At the same time, condemnation of Israel’s attacks have come from global leaders and icons of civil rights and justice. The Elders – a contingent of past and present world leaders and Nobel laureates, including Archbishop Desmond Tutu, Nelson Mandela and Jimmy Carter – released a press statement on Monday declaring Israel’s attack as “completely inexcusable.”
“This tragic incident should draw the world’s attention to the terrible suffering of Gaza’s 1.5 million people, half of whom are children under the age of 18,” The Elders’ statement said.
Back in Gaza, locally-based civil society groups sent out a press statement urging the international community to take direct action against Israeli policies. They wrote:
“We Gaza based Palestinian Civil Society Organizations and International activists call on the international community and civil society to pressure their governments and Israel to cease the abductions and killings in Israel’s attacks against the Gaza Freedom Flotilla sailing for Gaza, and begin a global response to hold Israel accountable for the murder of foreign civilians at sea and illegal piracy of civilian vessels carrying humanitarian aid for Gaza.
“We salute the courage of all those who have organized this aid intervention and demand a safe passage through to Gaza for the 750 people of conscience from 40 different countries including 35 international politicians intent on breaking the Israeli-Egyptian blockade. We offer our sincerest condolences to family and friends who have lost loved ones in the attack.

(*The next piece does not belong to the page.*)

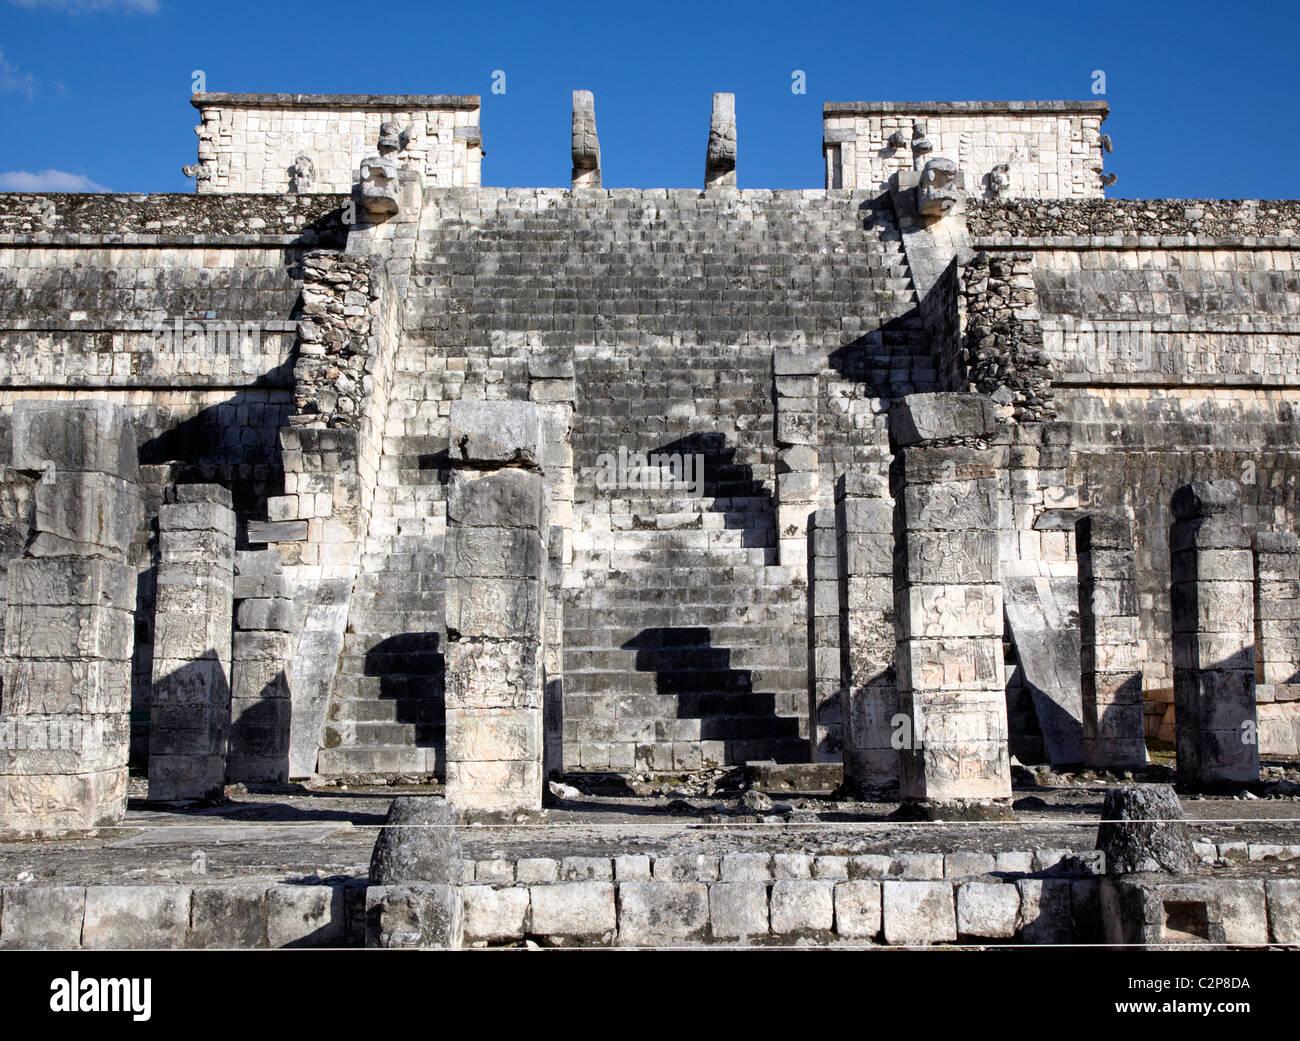 Temple At Chichen Itza Mayan Ruins Mexico - Stock Image

“… The people of Gaza are not dependent people, but self sufficient people doing what they can to retain some dignity in life in the wake of this colossal man-made devastation that deprives so many of a basic start in life or minimal aspirations for the future.
“We, from Gaza, call on you to demonstrate and support the courageous men and women who went on the Flotilla, many now murdered on a humanitarian aid mission. We insist on severance of diplomatic ties with Israel, trials for war crimes and the International protection of the civilians of Gaza. We call on you to join the growing international boycott, divestment and sanction campaign of a country proving again to be so violent and yet so unchallenged. Join the growing critical mass around the world with a commitment to the day when Palestinians are entitled to the same rights as any other people, when the siege is lifted, the occupation is over and the 6 million Palestinian refugees are finally granted justice.”
From Gaza’s Meghazi refugee camp, al-Meghari said of Israel’s actions Monday morning, “violence only breeds violence. And as long as Israeli repression remains in place, Palestinian and pro-justice people around the world will keep up their resistance to that repression.”